Indikator RSI (Relative Strength Index) seringkali menjadi pilihan populer bagi para Trader dalam menentukan berapa lama trend akan berlanjut. Umumnya trader akan memantau pergerakan indikator RSI di kisaran angka 70 dan 30 untuk menentukan apakah keadaan pasar sudah oversold atau overbought.
Padahal, ada kelemahan indikator RSI yang bisa jadi fatal bagi trader. Meskipun populer karena dinamika osilasinya (garis RSI bergerak naik-turun di kisaran ambang oversold atau overbought), terkadang indikator RSI kurang mampu mengikuti trend pasar yang akhirnya berdampak pada munculnya false signal.
Kelemahan Indikator RSI
RSI pada dasarnya adalah indikator pengukur kecepatan pergerakan harga. Misalnya pada saat satu komoditas dibeli dengan frekuensi tinggi selama waktu singkat, otomatis harga akan melambung dan menyebabkan pasar komoditas tersebut dalam keadaan overbought. Begitu juga sebaliknya, bila dijual terlalu sering dan cepat, harga akan terjerembab dan menyebabkan pasar di kondisi oversold.

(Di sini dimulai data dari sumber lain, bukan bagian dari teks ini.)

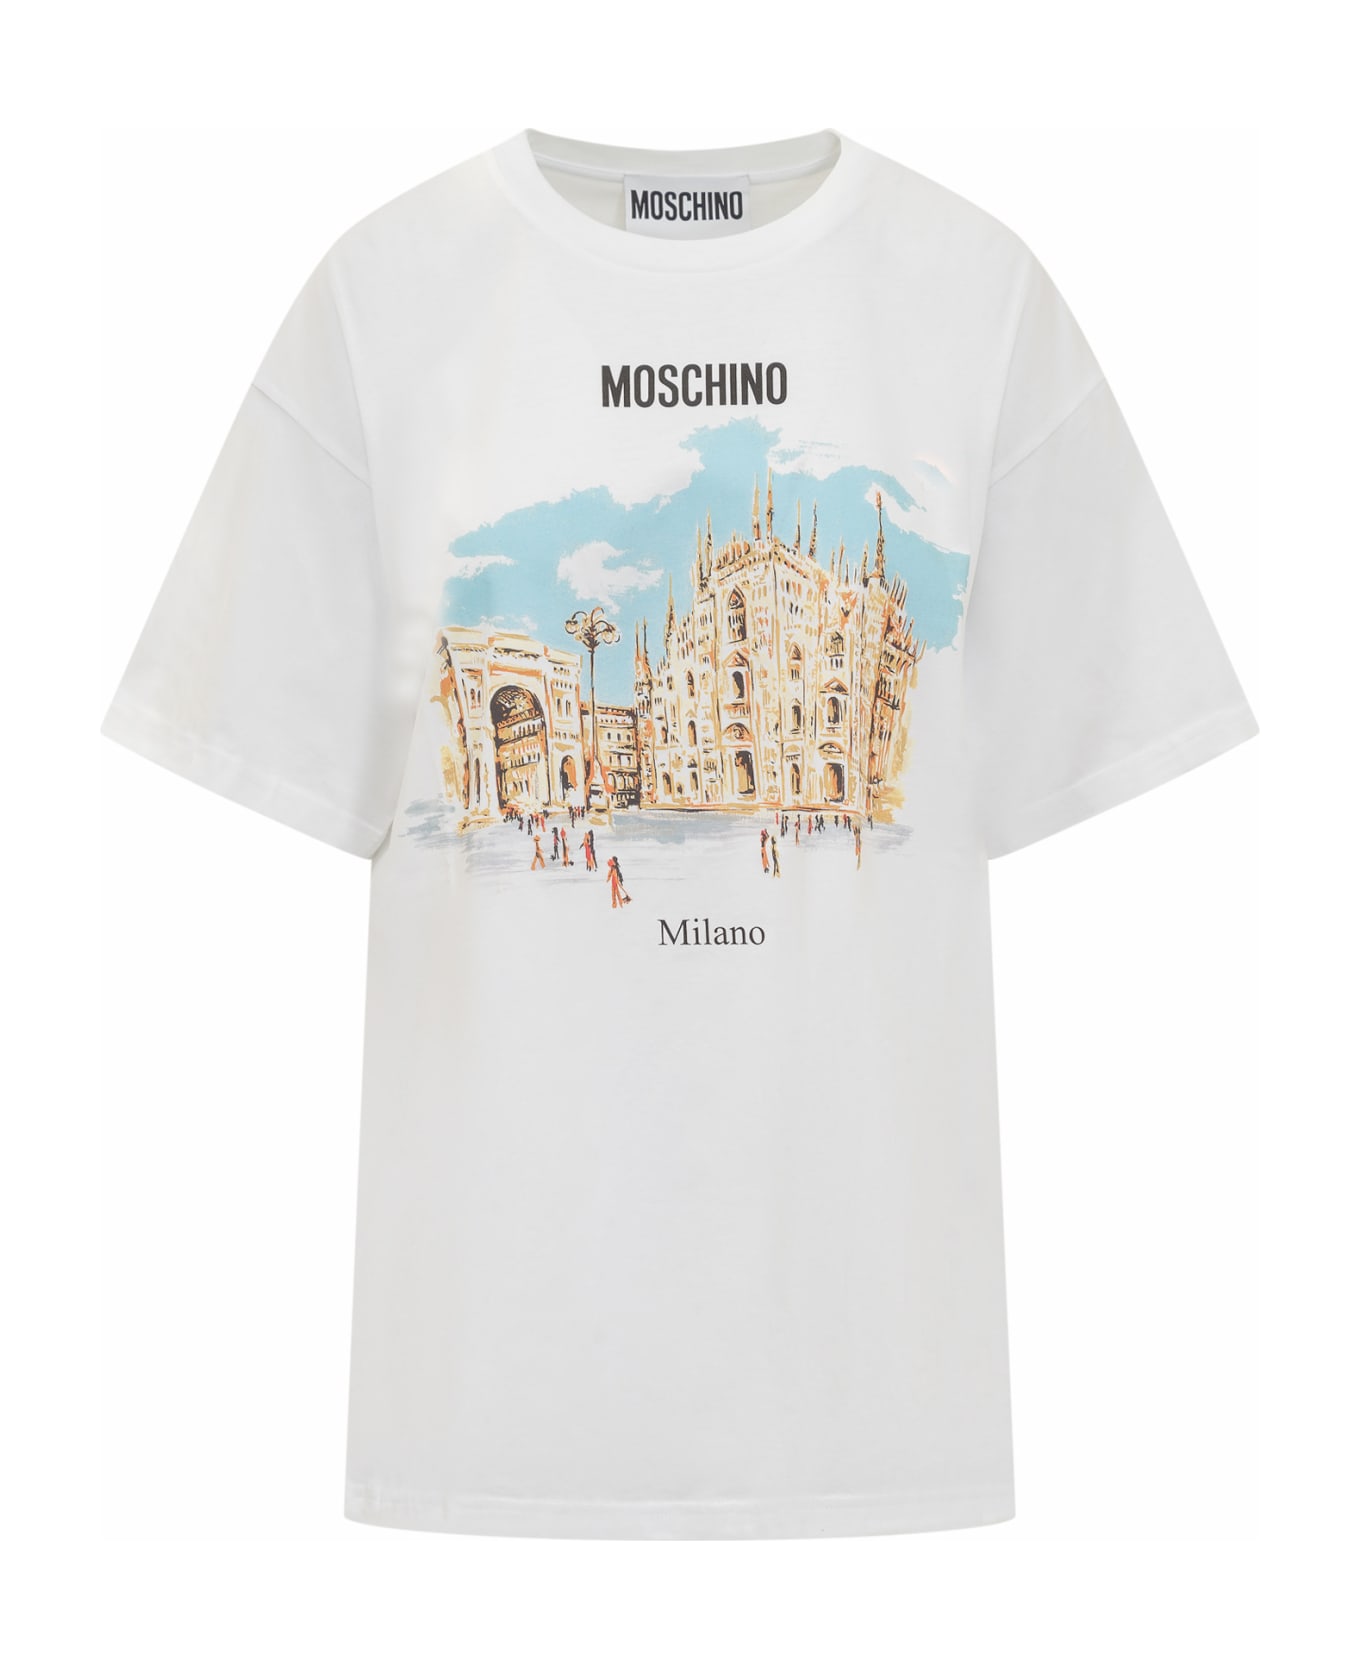 Moschino Archive T-shirt - FANTASIA BIANCO

Teorinya, jika harga sudah naik terlalu mahal atau turun hingga kelewat murah, maka harga akan "terseimbangkan kembali". Namun, kondisi oversold dan overbought tidak secara inheren menunjukkan keberlangsungan pasar dalam mempertahankan harga abnormal tersebut. Kadangkala, dalam pasar dengan trend sangat kuat (strong uptrend), bisa saja harga tinggi bertahan lebih lama (dan terus menanjak) daripada prediksi analis pasar.
Implikasinya, jika Anda 100% bergantung pada indikator RSI untuk memprediksi kapan terjadinya reversal, pastikan pula target pasar Anda bersifat relatif flat, karena pada pasar fluktuatif atau mudah tergerakkan oleh sentimen pasar, RSI akan sering kali "kebobolan". Inilah kelemahan indikator RSI.
Contoh Kasus Bobolnya RSI
Kasus pertama menggunakan data pergerakan pairs GBP/USD tanggal 26 April 2016 pada resolusi 1h.

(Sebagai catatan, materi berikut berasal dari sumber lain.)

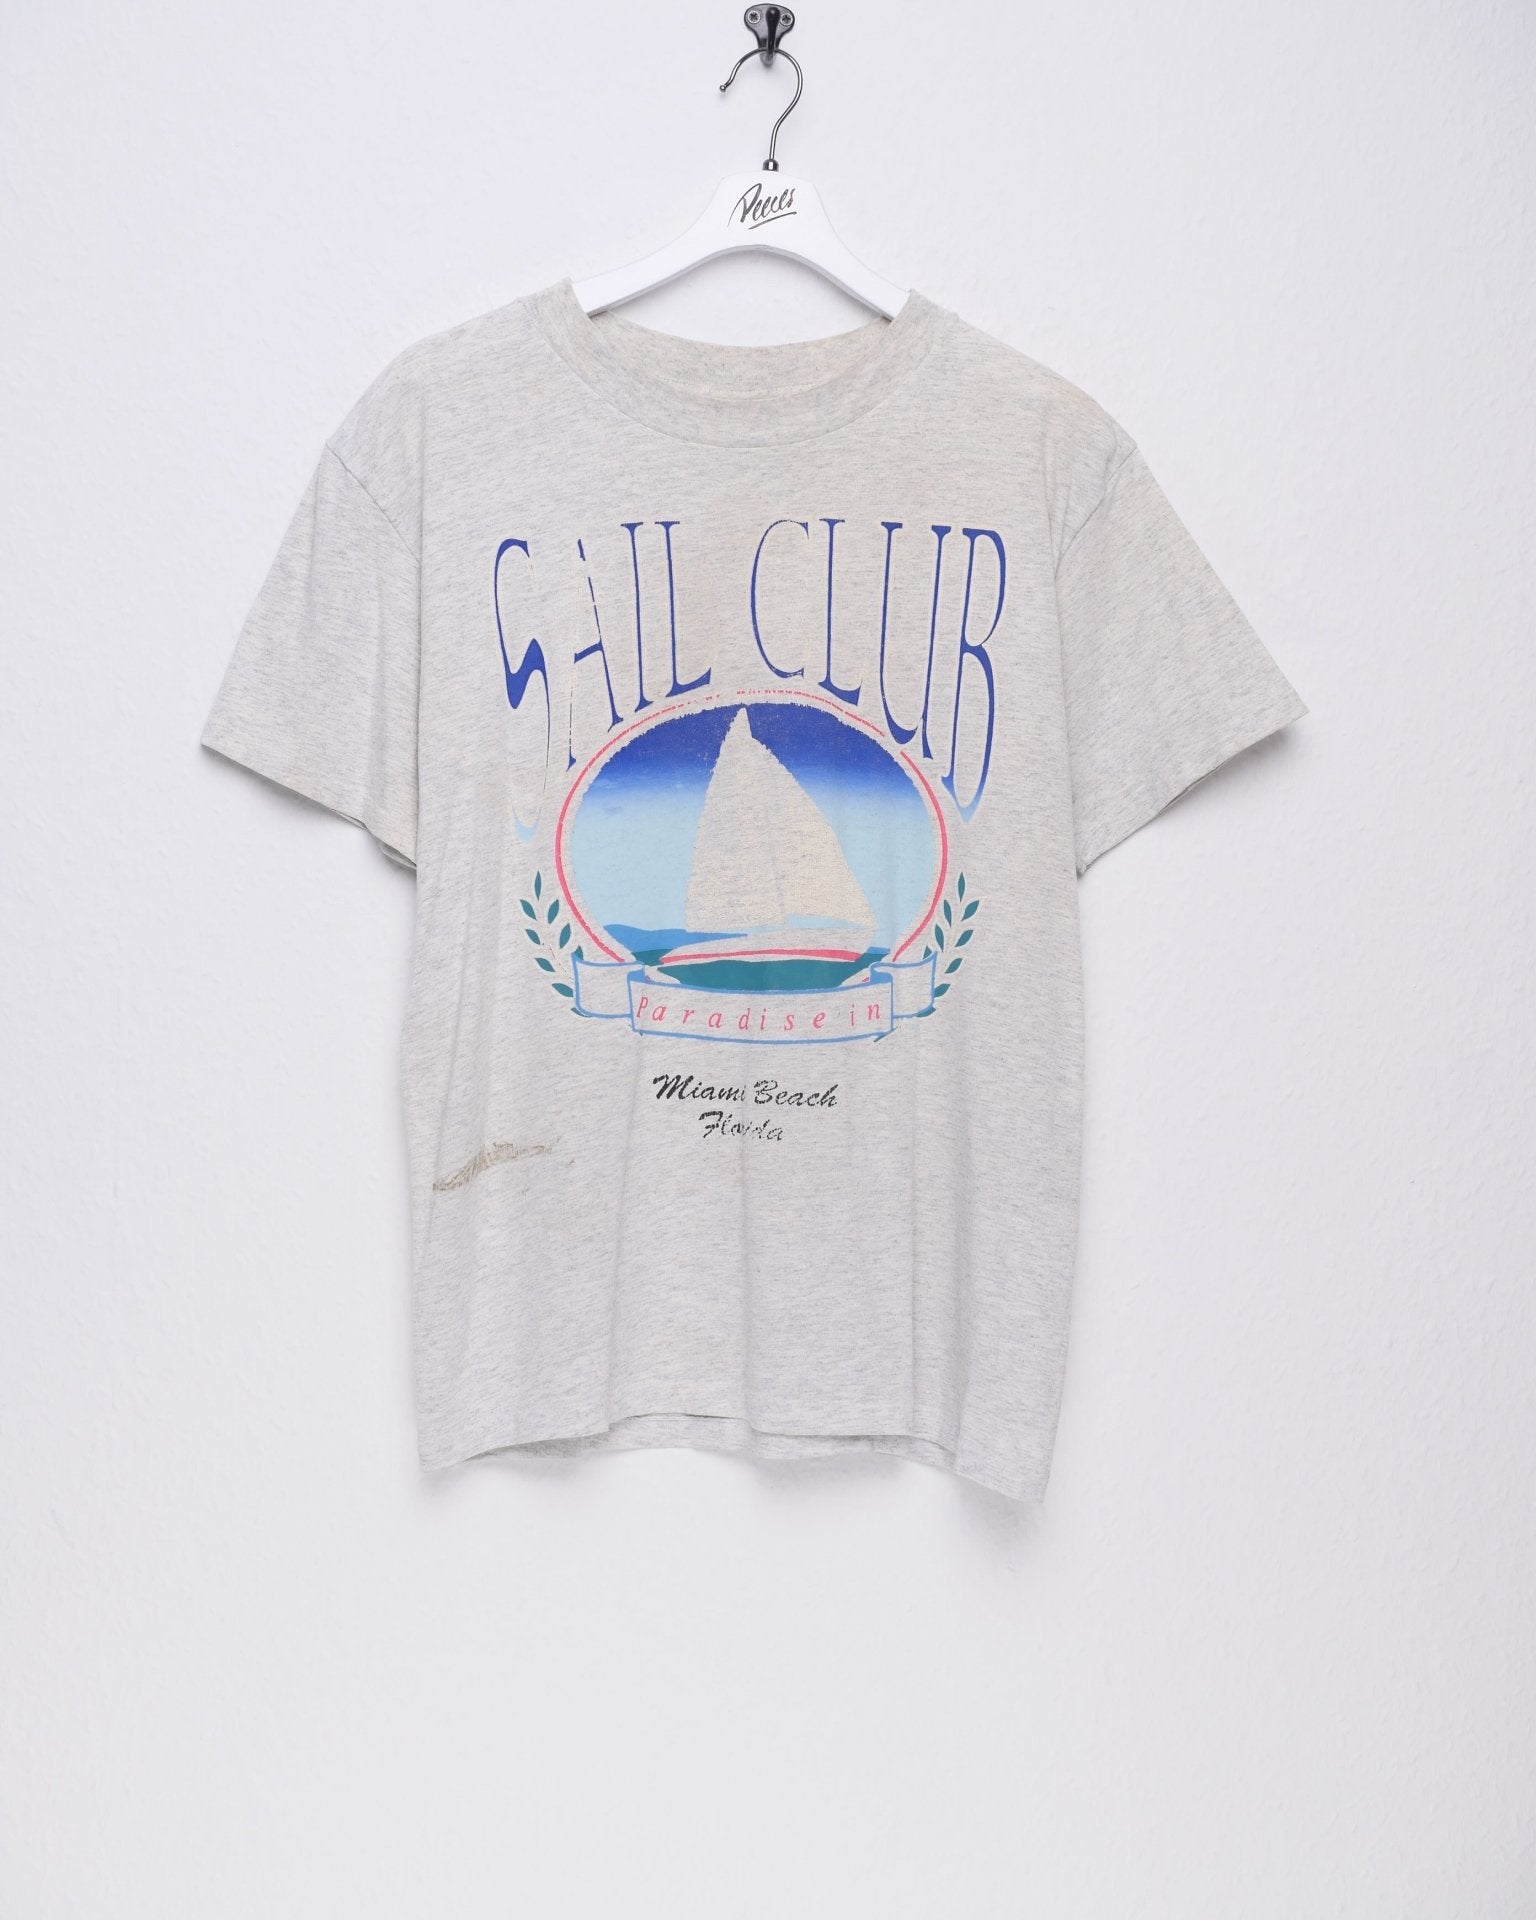 Sail Club Miami Beach Florida printed Graphic Shirt - Peeces

Trader umumnya akan segera melihat signal reversal pada sekitar jam 09:00 dan segera membuka posisi sell dengan ekspektasi bahwa harga sudah dalam keadaan overbought.
Kenyataan pasar masih dalam kuat digerakkan oleh sentimen pasar sehingga harga malah kembali naik sampai sekitar jam 10:00. Bahkan harga kembali naik pada jam 11:00.

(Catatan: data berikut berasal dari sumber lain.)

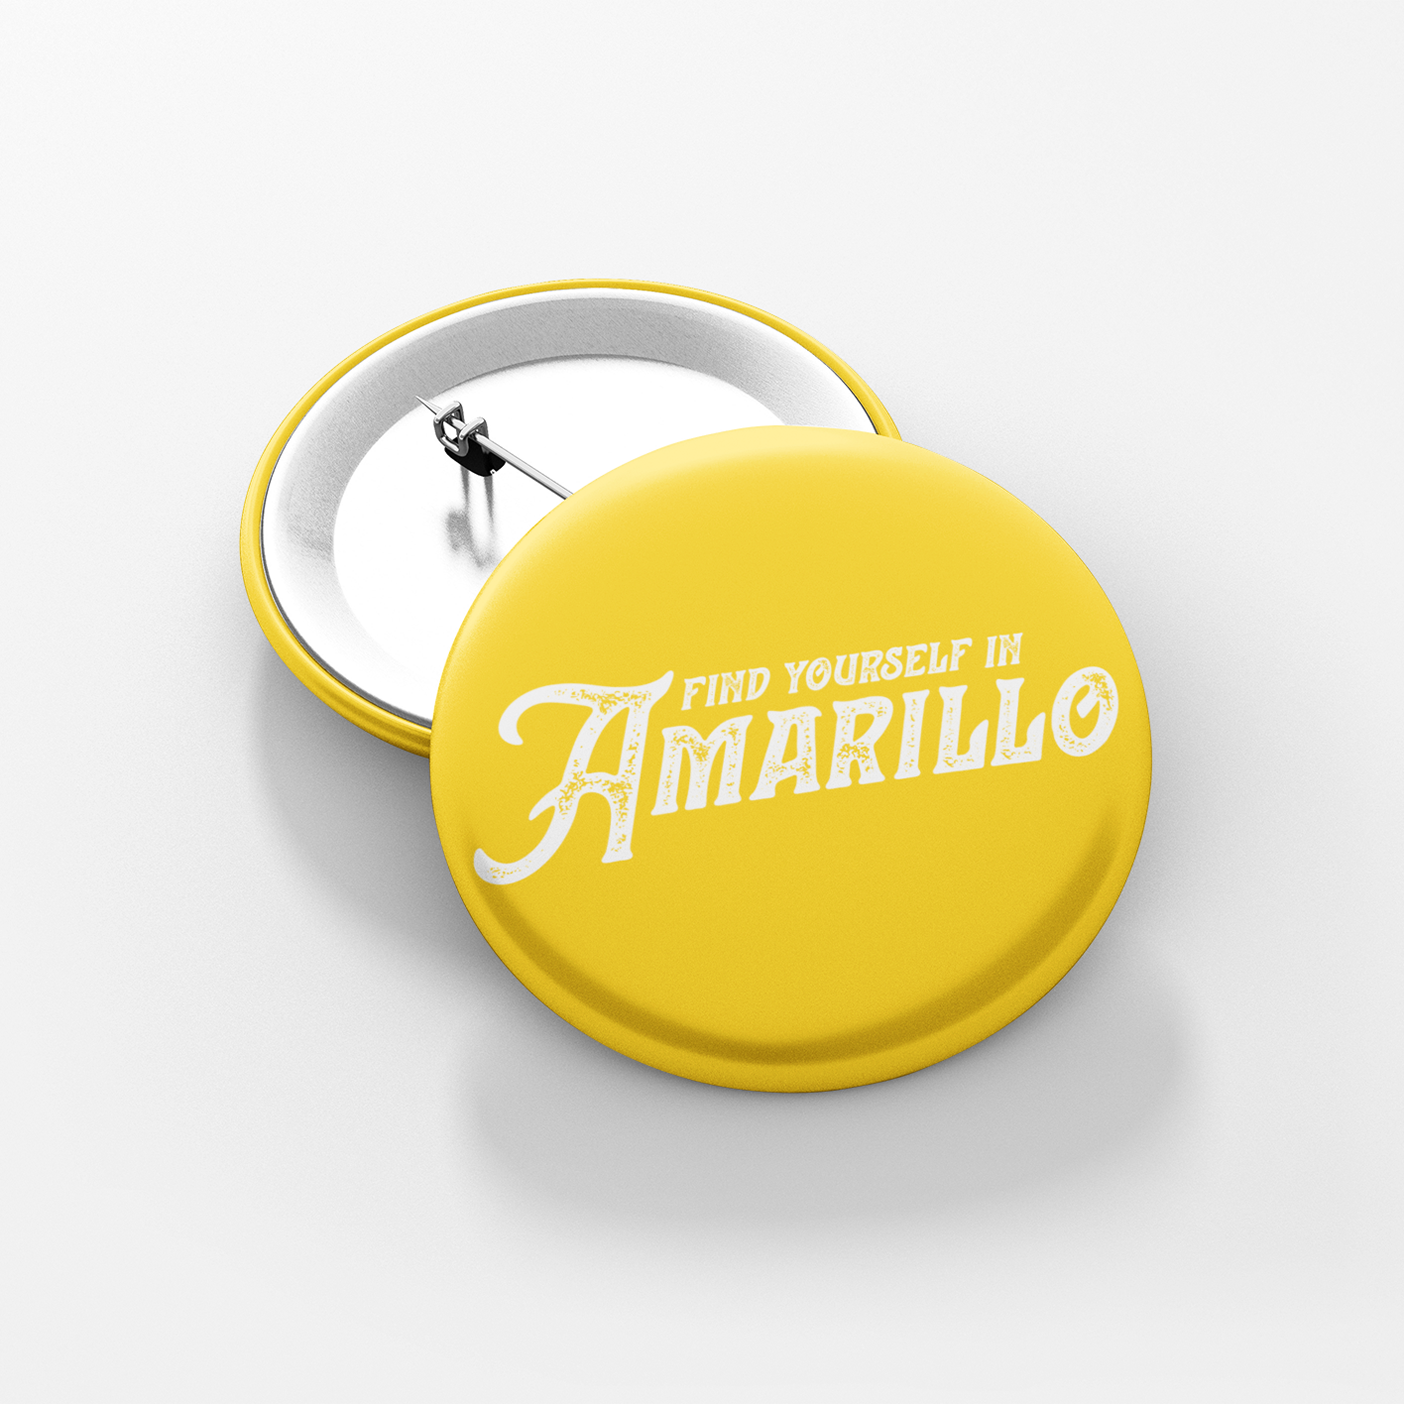 Amarillo Texas Button - Find Yourself

Kasus kedua menggunakan data pergerakan pairs EUR/USD tanggal 29 april-1 Mei 2016 pada resolusi 1h.
Setelah rilisnya data GPD Q1-QoQ yang lebih baik dari perkiraan untuk zona Euro ditambah lagi lemahnya USD karena perlambatan pertumbuhan ekonominya. Spontan sentimen terhadap Euro terus ber-"gemuruh" dan praktis membuat nilai tukarnya meroket. Pada periode tersebut indikator RSI berada pada kondisi Overbought dalam waktu panjang dan tidak menunjukkan kapan pastinya reversal akan muncul.
Saran Penggunaan
Bergantung hanya pada satu indikator, terutama lagging indicator seperti RSI, tidak direkomendasikan apabila Anda termasuk trader yang melakukan transaksi dengan frekuensi tinggi (beberapa kali dalam sehari). Apalagi, jelas nampak ada kelemahan indikator RSI sebagaimana dipaparkan di atas. Oleh karenanya, gunakanlah RSI sebagai supplemen panduan bersama dengan indikator teknikal forex lainnya, bukan sebagai acuan tunggal. Itu akan sangat bermanfaat, terutama ketika indikator RSI lama tidak memberikan indikasi apa-apa meskipun pergerakan harga diatasnya tetap aktif.